** Opening Information supplied block **

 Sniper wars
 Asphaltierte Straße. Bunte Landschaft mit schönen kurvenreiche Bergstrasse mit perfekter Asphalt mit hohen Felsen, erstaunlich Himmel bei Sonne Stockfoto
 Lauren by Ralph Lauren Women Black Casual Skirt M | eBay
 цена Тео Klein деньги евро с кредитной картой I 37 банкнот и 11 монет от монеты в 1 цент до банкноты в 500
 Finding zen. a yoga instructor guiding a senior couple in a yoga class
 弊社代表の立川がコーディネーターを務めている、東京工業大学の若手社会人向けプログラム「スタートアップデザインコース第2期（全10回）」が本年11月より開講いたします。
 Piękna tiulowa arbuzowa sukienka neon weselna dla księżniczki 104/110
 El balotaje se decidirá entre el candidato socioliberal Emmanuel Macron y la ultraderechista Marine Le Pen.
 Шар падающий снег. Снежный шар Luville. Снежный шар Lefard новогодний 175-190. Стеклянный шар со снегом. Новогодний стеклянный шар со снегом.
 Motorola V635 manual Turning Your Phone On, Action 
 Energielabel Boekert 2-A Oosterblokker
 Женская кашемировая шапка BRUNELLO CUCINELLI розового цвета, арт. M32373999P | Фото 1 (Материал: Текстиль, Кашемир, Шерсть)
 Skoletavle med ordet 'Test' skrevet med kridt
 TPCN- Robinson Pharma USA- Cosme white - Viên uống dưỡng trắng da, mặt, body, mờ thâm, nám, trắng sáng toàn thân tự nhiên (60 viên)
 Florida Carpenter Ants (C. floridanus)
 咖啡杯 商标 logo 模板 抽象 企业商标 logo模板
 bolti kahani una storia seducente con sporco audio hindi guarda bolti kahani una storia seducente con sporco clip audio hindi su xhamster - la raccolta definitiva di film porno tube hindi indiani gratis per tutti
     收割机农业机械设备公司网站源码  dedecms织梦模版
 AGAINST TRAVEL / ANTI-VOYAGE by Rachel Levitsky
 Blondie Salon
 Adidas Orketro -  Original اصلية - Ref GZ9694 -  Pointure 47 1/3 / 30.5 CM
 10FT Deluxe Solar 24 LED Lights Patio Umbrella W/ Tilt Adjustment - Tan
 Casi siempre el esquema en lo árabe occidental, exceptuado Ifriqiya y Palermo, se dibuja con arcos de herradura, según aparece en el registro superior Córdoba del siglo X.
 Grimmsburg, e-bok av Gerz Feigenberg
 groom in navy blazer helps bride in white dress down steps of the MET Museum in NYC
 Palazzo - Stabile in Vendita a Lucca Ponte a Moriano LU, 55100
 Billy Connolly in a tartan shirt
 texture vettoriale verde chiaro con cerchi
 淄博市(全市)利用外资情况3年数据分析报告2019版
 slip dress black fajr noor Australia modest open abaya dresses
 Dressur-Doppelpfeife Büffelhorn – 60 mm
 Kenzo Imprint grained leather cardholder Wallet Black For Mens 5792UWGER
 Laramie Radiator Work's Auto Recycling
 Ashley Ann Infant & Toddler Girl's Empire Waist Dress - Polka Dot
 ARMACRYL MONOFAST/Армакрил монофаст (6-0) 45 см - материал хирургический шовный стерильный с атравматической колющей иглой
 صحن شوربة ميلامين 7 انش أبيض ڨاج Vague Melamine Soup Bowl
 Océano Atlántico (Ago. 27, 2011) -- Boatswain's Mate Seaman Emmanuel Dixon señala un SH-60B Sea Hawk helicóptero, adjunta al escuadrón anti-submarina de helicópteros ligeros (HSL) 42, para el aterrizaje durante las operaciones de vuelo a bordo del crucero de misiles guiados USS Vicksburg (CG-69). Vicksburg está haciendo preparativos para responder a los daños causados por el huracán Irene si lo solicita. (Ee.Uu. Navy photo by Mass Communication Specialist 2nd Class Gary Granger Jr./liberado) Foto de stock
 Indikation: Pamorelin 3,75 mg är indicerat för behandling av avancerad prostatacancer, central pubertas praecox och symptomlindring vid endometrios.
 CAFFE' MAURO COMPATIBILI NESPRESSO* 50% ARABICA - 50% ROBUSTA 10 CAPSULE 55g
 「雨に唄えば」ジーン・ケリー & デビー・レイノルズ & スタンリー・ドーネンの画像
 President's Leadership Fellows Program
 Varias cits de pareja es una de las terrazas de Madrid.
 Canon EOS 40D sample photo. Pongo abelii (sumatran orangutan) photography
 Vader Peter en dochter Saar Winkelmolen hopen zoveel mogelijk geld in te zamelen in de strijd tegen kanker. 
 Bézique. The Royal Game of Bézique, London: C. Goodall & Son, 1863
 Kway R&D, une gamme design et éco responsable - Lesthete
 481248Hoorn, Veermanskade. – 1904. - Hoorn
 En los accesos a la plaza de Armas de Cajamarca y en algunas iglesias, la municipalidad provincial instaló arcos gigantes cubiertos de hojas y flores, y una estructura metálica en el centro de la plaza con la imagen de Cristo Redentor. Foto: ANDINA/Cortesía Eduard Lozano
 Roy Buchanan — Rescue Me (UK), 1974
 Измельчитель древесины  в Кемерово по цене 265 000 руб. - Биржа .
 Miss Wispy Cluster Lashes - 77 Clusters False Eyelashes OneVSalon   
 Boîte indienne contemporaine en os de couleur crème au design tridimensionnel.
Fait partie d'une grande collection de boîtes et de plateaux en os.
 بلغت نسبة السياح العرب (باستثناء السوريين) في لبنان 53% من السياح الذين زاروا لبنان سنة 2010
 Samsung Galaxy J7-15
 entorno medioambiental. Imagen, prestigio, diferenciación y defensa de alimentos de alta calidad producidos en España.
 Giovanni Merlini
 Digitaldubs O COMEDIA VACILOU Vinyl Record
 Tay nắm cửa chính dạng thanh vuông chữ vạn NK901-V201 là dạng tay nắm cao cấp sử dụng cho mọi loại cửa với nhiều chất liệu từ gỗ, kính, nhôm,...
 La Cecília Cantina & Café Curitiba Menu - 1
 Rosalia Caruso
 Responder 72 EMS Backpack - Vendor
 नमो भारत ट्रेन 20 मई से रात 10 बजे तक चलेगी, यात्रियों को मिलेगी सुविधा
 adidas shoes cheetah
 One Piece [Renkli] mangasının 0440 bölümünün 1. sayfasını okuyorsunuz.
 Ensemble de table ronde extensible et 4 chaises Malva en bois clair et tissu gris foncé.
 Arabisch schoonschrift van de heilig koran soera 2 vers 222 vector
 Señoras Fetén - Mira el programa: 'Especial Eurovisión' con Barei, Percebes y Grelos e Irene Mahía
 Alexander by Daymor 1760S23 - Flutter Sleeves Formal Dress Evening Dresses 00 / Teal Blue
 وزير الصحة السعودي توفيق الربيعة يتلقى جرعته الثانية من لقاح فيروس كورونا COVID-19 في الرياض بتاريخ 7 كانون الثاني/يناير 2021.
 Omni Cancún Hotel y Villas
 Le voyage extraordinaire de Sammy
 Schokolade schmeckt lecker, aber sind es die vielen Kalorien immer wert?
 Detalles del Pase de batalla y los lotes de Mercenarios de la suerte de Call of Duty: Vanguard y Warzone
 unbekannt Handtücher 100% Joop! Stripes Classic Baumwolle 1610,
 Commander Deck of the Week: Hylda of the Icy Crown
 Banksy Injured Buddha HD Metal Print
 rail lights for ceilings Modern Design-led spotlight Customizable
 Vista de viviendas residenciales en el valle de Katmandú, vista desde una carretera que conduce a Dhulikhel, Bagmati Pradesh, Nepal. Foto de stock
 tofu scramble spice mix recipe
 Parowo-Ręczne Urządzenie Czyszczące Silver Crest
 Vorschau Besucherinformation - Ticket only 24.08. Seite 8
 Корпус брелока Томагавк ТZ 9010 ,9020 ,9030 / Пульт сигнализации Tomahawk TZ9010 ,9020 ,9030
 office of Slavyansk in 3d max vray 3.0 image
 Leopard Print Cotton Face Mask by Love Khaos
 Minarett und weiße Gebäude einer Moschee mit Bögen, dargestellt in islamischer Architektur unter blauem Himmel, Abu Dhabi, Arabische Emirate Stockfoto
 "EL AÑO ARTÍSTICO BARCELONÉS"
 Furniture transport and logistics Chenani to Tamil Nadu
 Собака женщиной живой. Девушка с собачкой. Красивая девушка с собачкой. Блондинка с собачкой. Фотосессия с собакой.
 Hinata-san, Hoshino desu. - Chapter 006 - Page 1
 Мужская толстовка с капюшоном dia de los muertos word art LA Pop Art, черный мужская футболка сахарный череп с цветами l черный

** Closing Information supplied block **

§ Work item:
Copy out the range of lines above starting at the line with "Palazzo - Stabile" and ending at the line with "Canon EOS 40D", exactly and including both.

§ Response area:
 Palazzo - Stabile in Vendita a Lucca Ponte a Moriano LU, 55100
 Billy Connolly in a tartan shirt
 texture vettoriale verde chiaro con cerchi
 淄博市(全市)利用外资情况3年数据分析报告2019版
 slip dress black fajr noor Australia modest open abaya dresses
 Dressur-Doppelpfeife Büffelhorn – 60 mm
 Kenzo Imprint grained leather cardholder Wallet Black For Mens 5792UWGER
 Laramie Radiator Work's Auto Recycling
 Ashley Ann Infant & Toddler Girl's Empire Waist Dress - Polka Dot
 ARMACRYL MONOFAST/Армакрил монофаст (6-0) 45 см - материал хирургический шовный стерильный с атравматической колющей иглой
 صحن شوربة ميلامين 7 انش أبيض ڨاج Vague Melamine Soup Bowl
 Océano Atlántico (Ago. 27, 2011) -- Boatswain's Mate Seaman Emmanuel Dixon señala un SH-60B Sea Hawk helicóptero, adjunta al escuadrón anti-submarina de helicópteros ligeros (HSL) 42, para el aterrizaje durante las operaciones de vuelo a bordo del crucero de misiles guiados USS Vicksburg (CG-69). Vicksburg está haciendo preparativos para responder a los daños causados por el huracán Irene si lo solicita. (Ee.Uu. Navy photo by Mass Communication Specialist 2nd Class Gary Granger Jr./liberado) Foto de stock
 Indikation: Pamorelin 3,75 mg är indicerat för behandling av avancerad prostatacancer, central pubertas praecox och symptomlindring vid endometrios.
 CAFFE' MAURO COMPATIBILI NESPRESSO* 50% ARABICA - 50% ROBUSTA 10 CAPSULE 55g
 「雨に唄えば」ジーン・ケリー & デビー・レイノルズ & スタンリー・ドーネンの画像
 President's Leadership Fellows Program
 Varias cits de pareja es una de las terrazas de Madrid.
 Canon EOS 40D sample photo. Pongo abelii (sumatran orangutan) photography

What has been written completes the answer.